↓↓↓

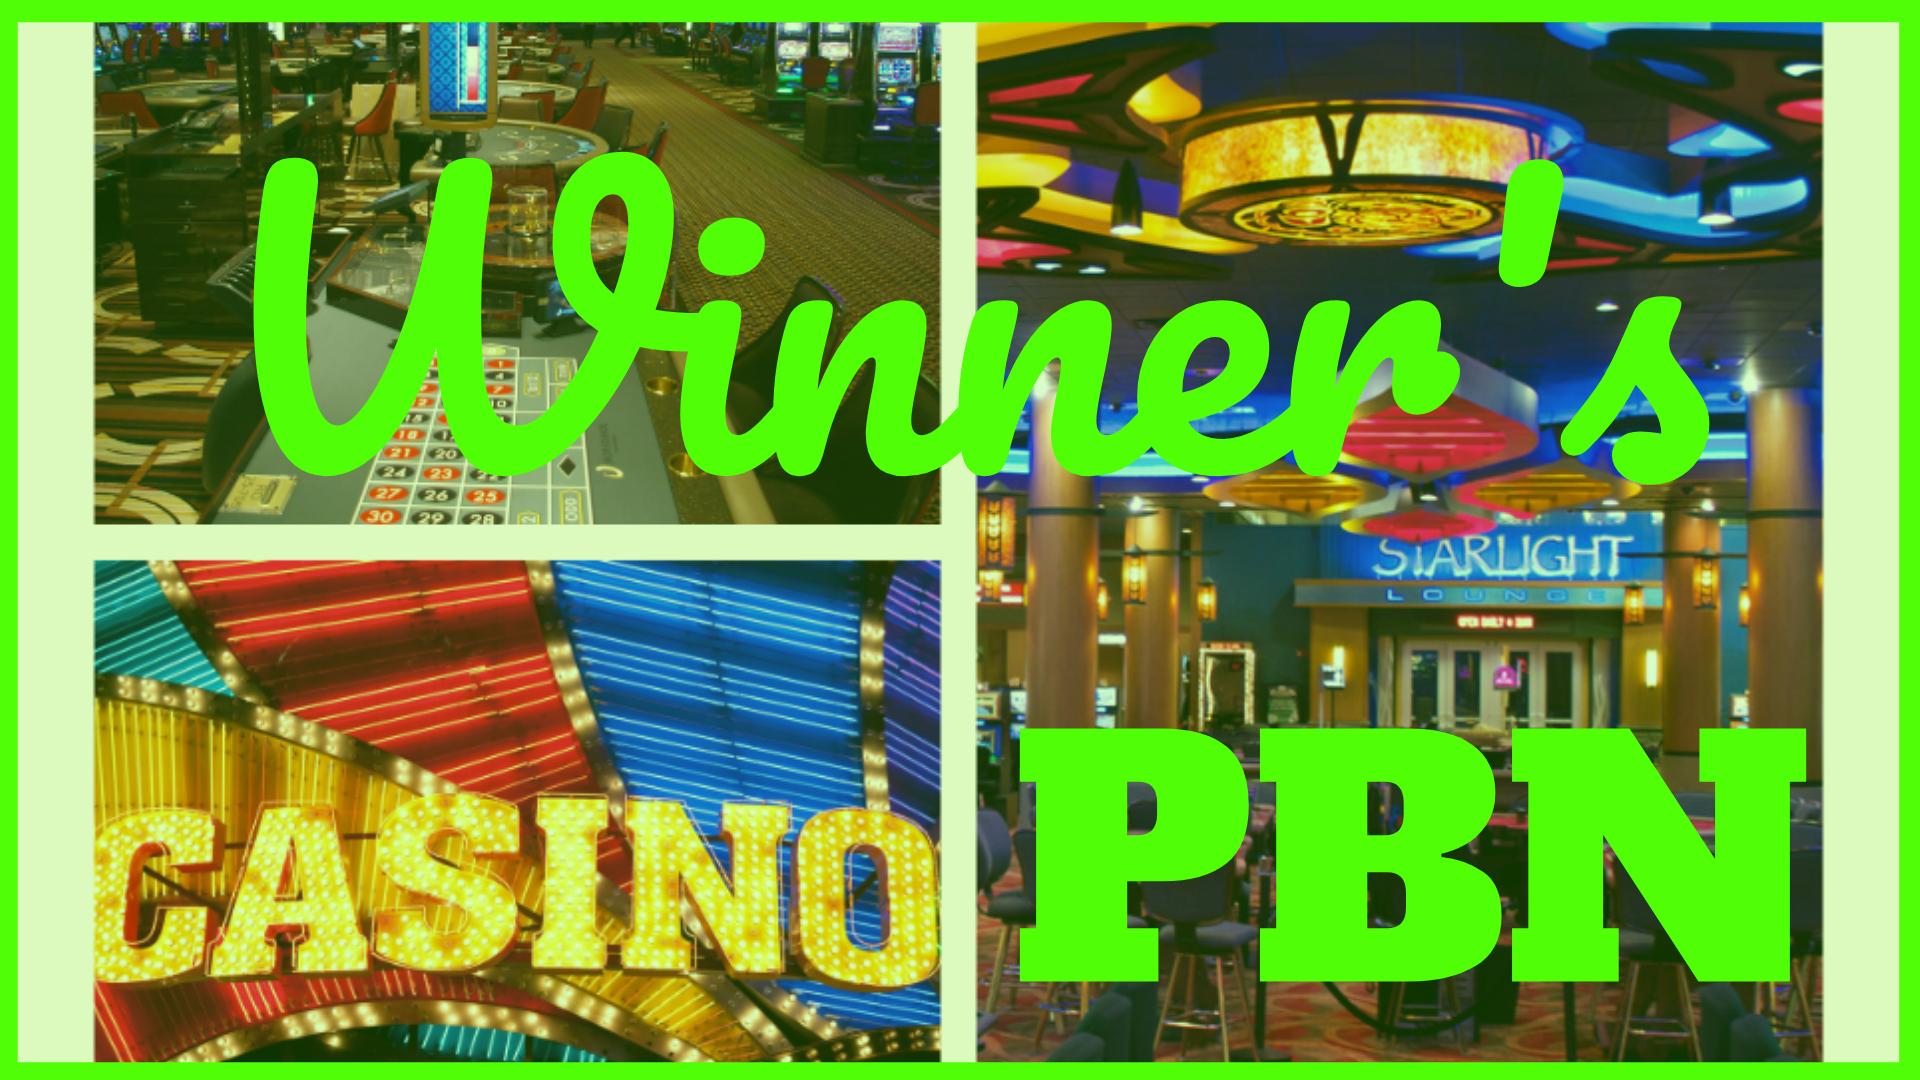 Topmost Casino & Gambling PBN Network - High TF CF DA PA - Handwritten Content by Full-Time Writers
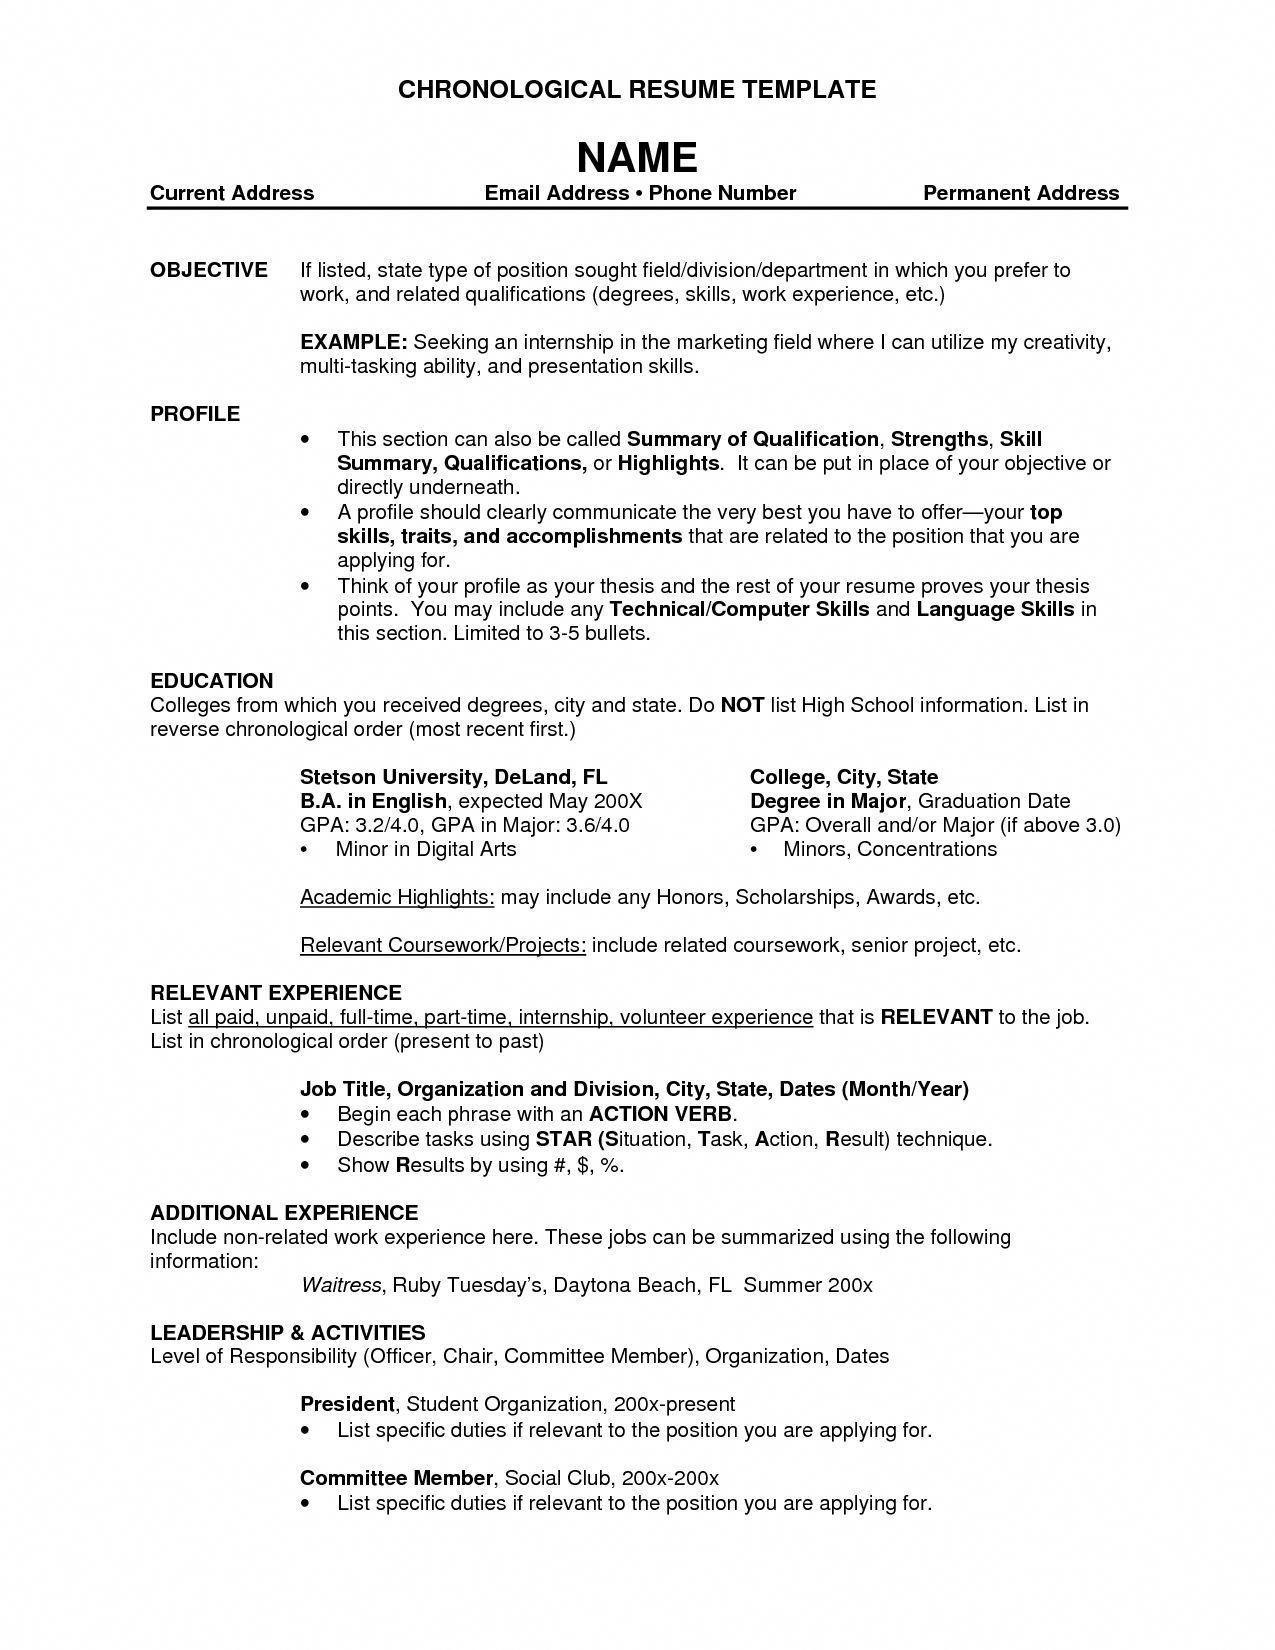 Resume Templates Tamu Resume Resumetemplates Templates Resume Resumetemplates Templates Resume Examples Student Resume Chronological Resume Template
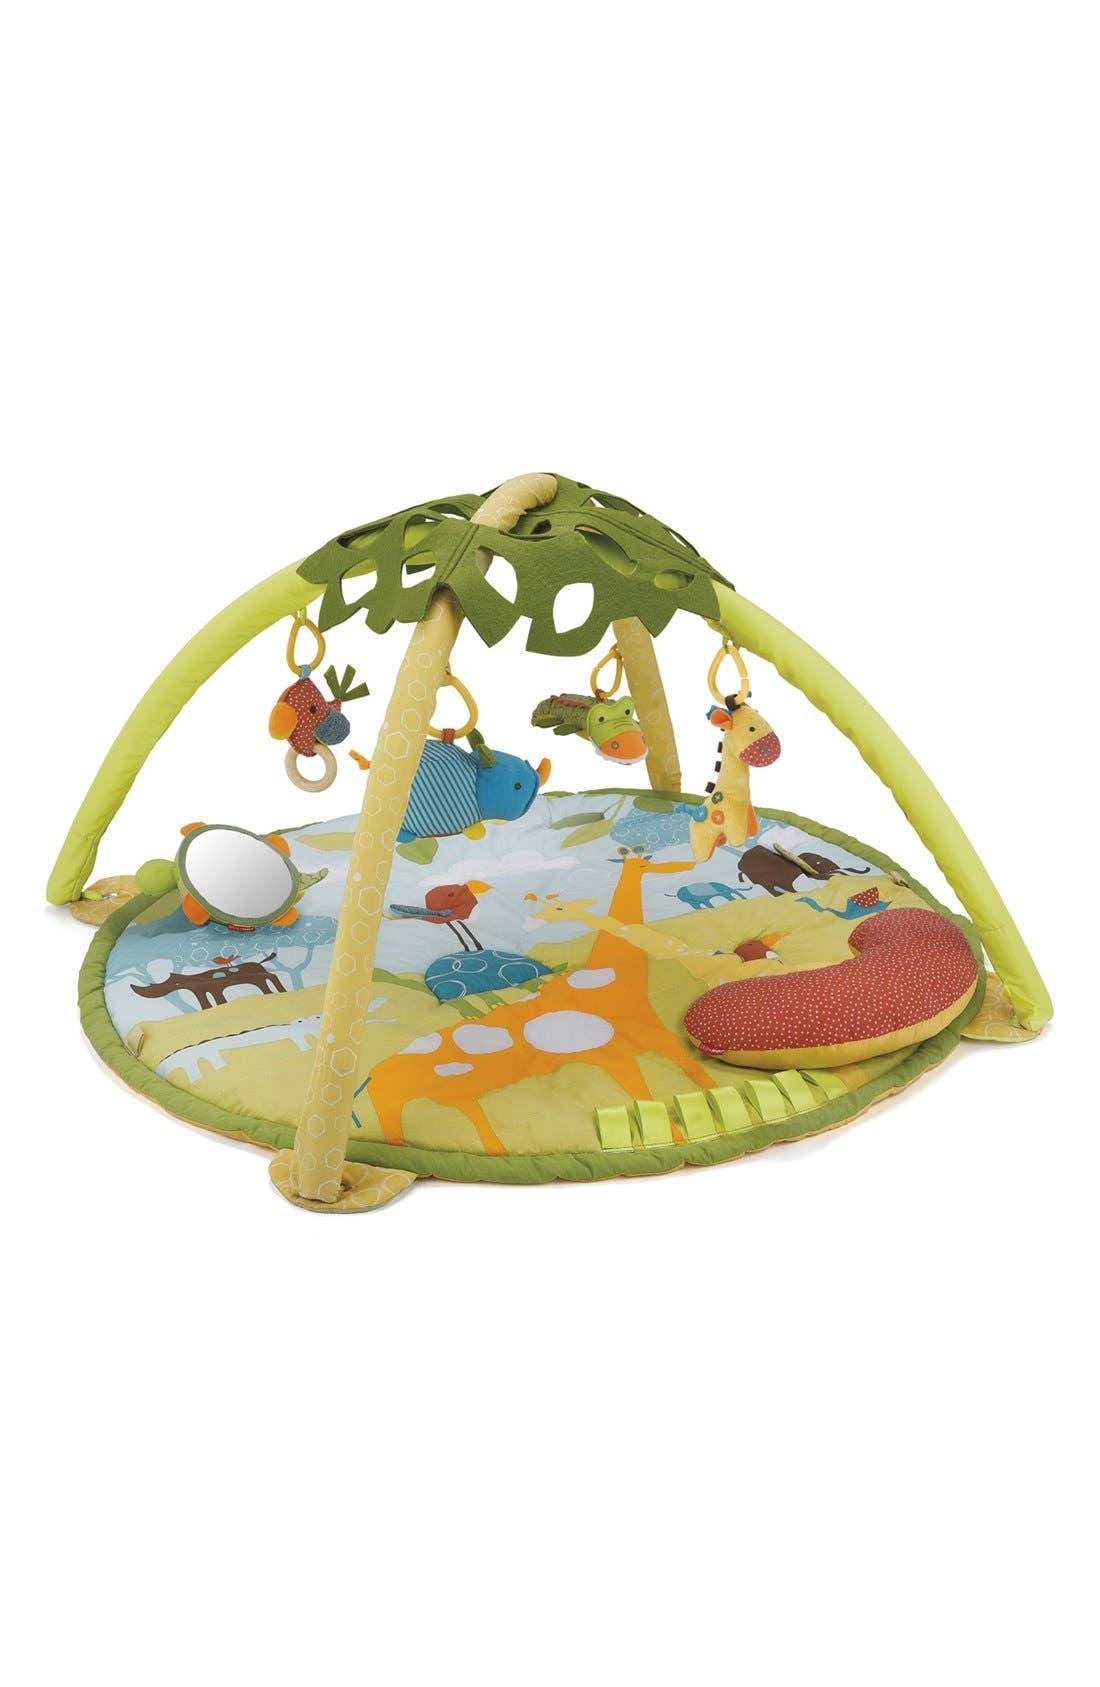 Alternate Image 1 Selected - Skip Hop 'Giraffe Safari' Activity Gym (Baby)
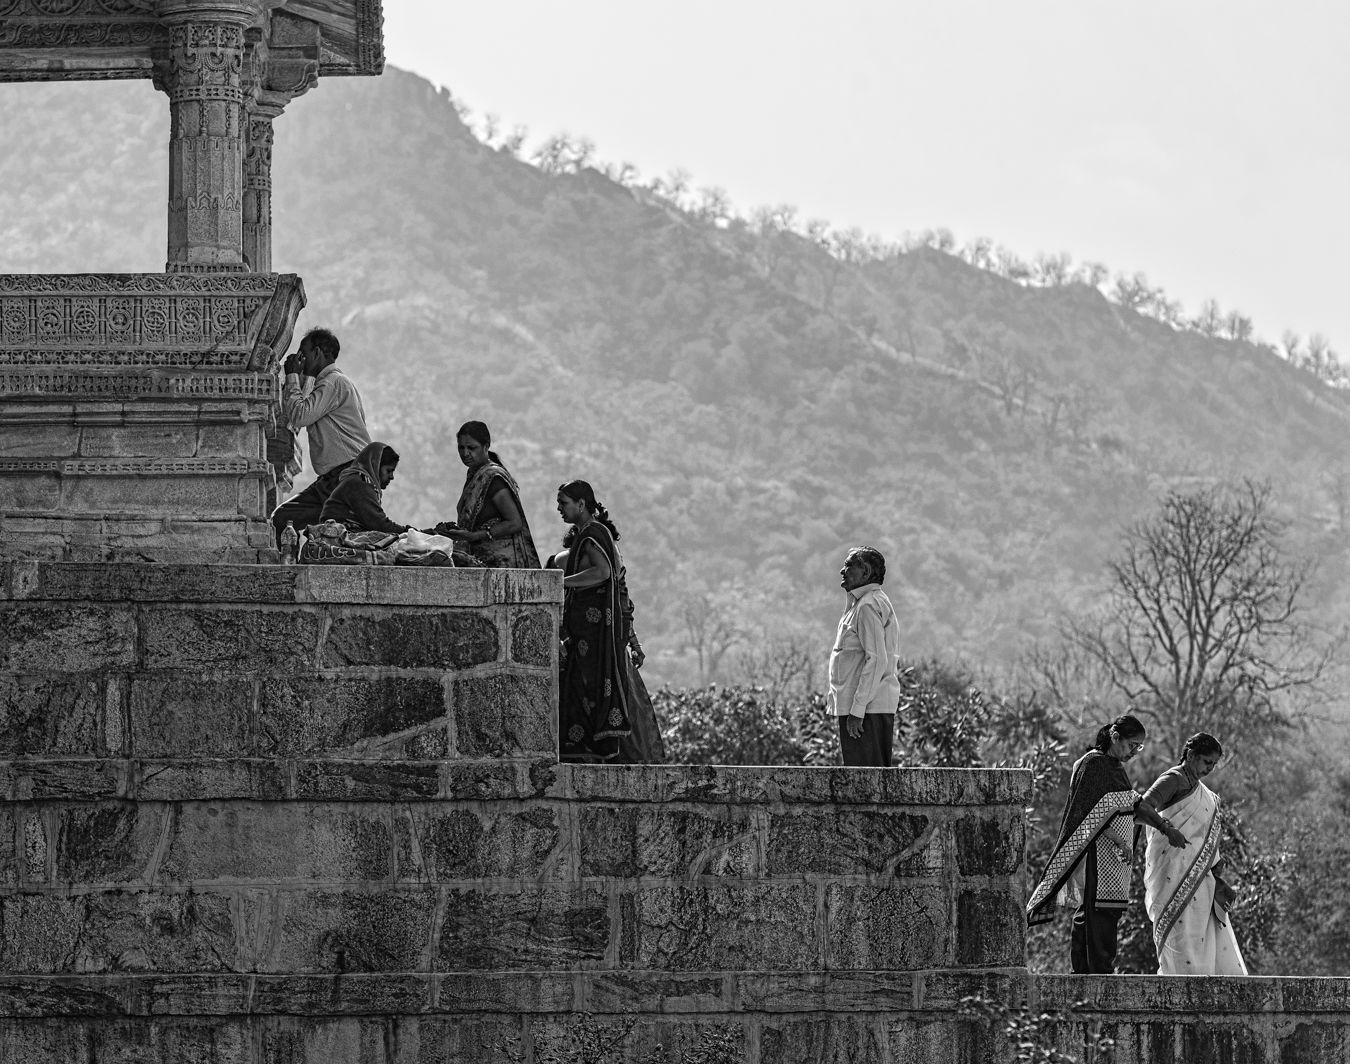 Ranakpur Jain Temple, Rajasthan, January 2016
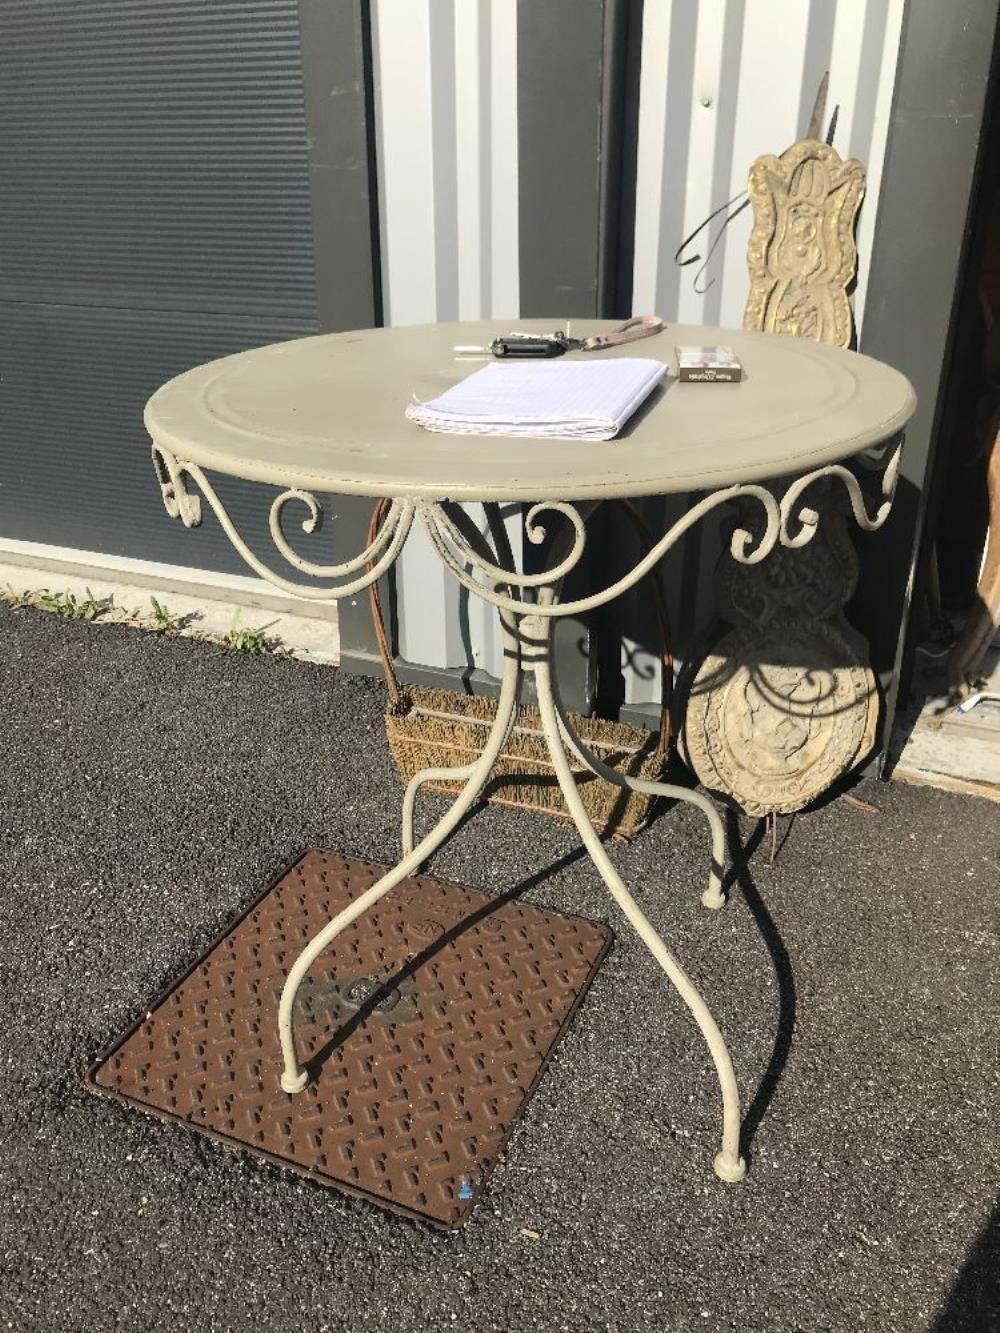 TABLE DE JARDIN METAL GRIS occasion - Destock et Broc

↑↑↑

> [DIRECTIONS] Starting with the line that contains "Alternate Image 1" and ending with the last line of the material, every line must be written out exactly; no other lines and no pictures are wanted.

> [RESULT FOR THIS TASK]
 Alternate Image 1 Selected - Skip Hop 'Giraffe Safari' Activity Gym (Baby)
 Ranakpur Jain Temple, Rajasthan, January 2016
 TABLE DE JARDIN METAL GRIS occasion - Destock et Broc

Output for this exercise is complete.